In a better world, some multinational institution would broker the deal and provide the peacekeepers. This is not going to happen in Iraq. So if the civil war termination script is going to be followed here, the United States is going to have to do the heavy lifting itself.

Current U.S. policy, however, undermines our prospects for this in at least two ways. First, we have little leverage for compelling the mutual compromises needed for real power sharing. Each camp sees potentially genocidal stakes in power sharing: the downside risks if the deal fails to ensure their security could be mass violence at the hands of communal rivals. Against such enormous stakes, major leverage will be needed to convince nervous parties to accept the risks; U.S. offers of development aid or trade assistance or political recognition are trivial by comparison. And this thin gruel is getting thinner as the United States begins to cut even the modest aid we now provide-the Marshall Plan this is not. Such weak leverage will never persuade Iraqis to take the huge risks involved in real compromise.

Second, we are apparently unwilling to play the role of long-term peacekeeping stabilizer. Though disliked by many Iraqis, in principle U.S. forces could still do this. In recent months American efforts in suppressing Shi‘a militias and our comparative sectarian evenhandedness in places such as Tal Afar and Baghdad are persuading Sunnis that we are potential defenders against Shi‘a violence. Though Shi‘a are wary of American motives, three years of U.S. combat against Sunni guerillas give us the bona fides to keep Shi‘a trust if we play our cards right. We can be neutral-the problem is that we are not willing to stay. Who would trust a deal enforced by a peacekeeper who announces its intention to leave as soon as it can hand its job over to one of the combatants in an ongoing civil war?

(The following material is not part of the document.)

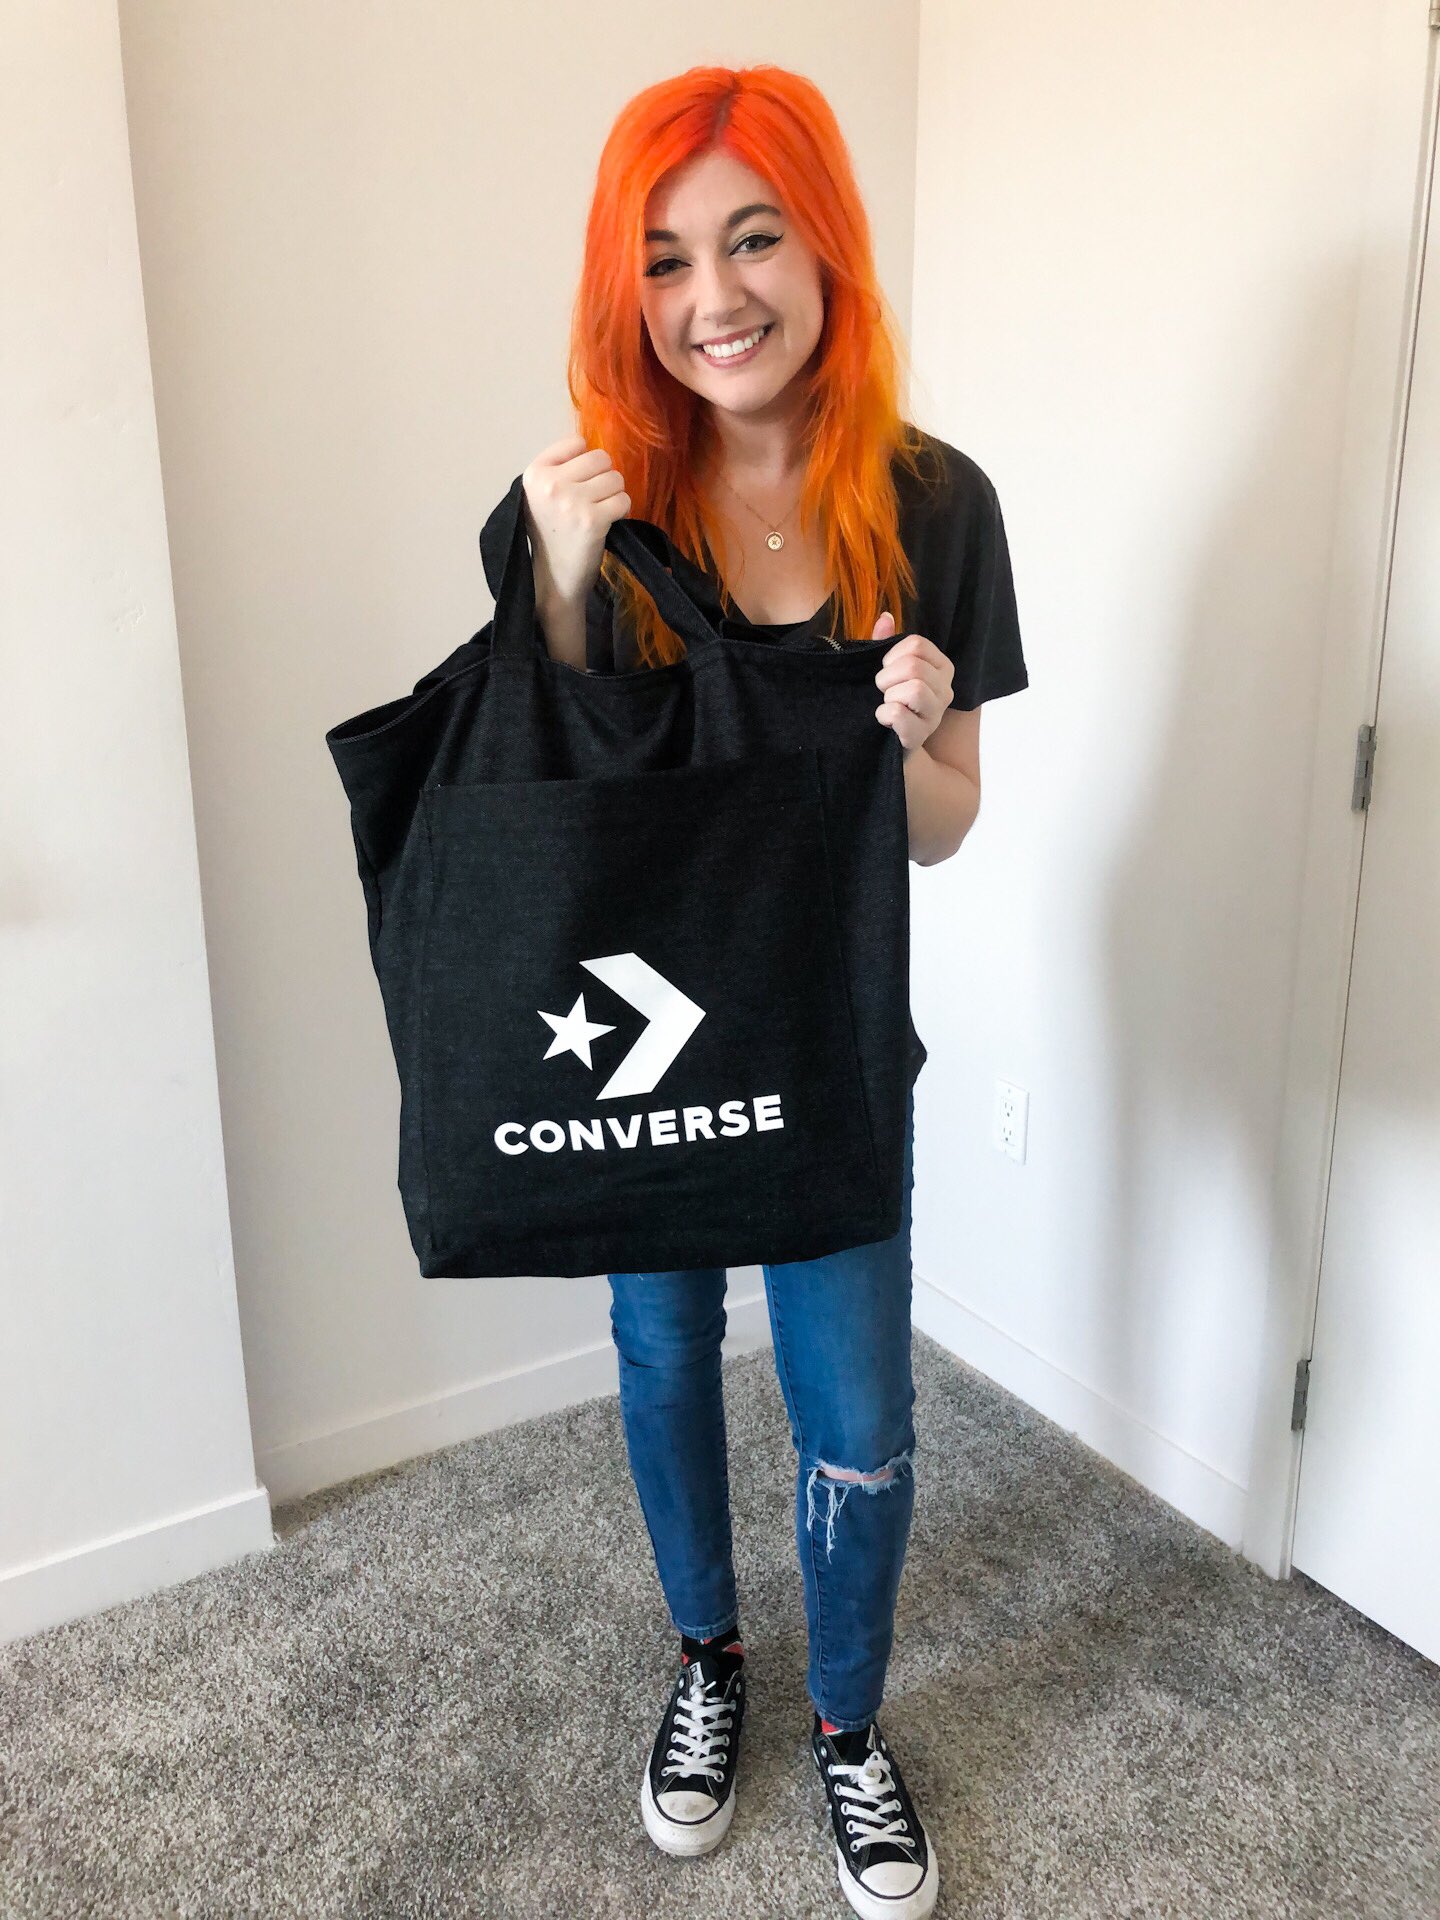 Cahlaflour on Twitter: "I can't believe I'm saying this... @Converse sent me a gift bag to open on stream!!!! Come check out the unboxing! #Sponsored Live: https://t.co/2wSuLXOPnJ https://t.co/Plog896WNl" X

Theoretically, at least, the second problem could be solved if we could create a truly national, rather than sectarian, institution in the Iraqi security forces to replace us-a force with true intercommunal balance; with soldiers and officers who see themselves as Iraqis and not as Shi‘a, Kurds or Sunnis; that fights any rebel or protects any population regardless of sect or ethnicity; and with the competence and motivation to defeat those rebels in battle. There are a host of practical barriers to accomplishing this in objective reality, ranging from the increasing salience of subnational identity among all Iraqis since 2003, to the reticence of many Iraqi recruits to fight outside their home provinces (in practical terms, a reluctance to do something other than defend their subgroup from outsiders), to the challenge of motivating soldiers to give their lives for a government many see as corrupt or incompetent, to the difficulties of establishing modern systems of pay, leave, resupply and administration in a society which has seen little efficient public administration in the past, to many other challenges large and small.

But a more fundamental problem is perceptual. Even if the Iraqi military were, in reality, a competent, evenhanded, nonsectarian force, Sunnis do not see it that way. All polls show radical differences in trust for the national security forces across communal groups, and the Sunnis clearly do not trust the state's instruments. This should be no surprise: Overcoming this inevitable lack of trust in an ongoing civil war is extremely difficult. This is why the civil war termination literature puts such stress on outside peacekeepers. To build trust across such divides is hard enough in a postwar peace policed by others; to believe Iraqis can do this themselves in the midst of the fighting after the only quasi-neutral force-ours-has departed would require tremendous optimism.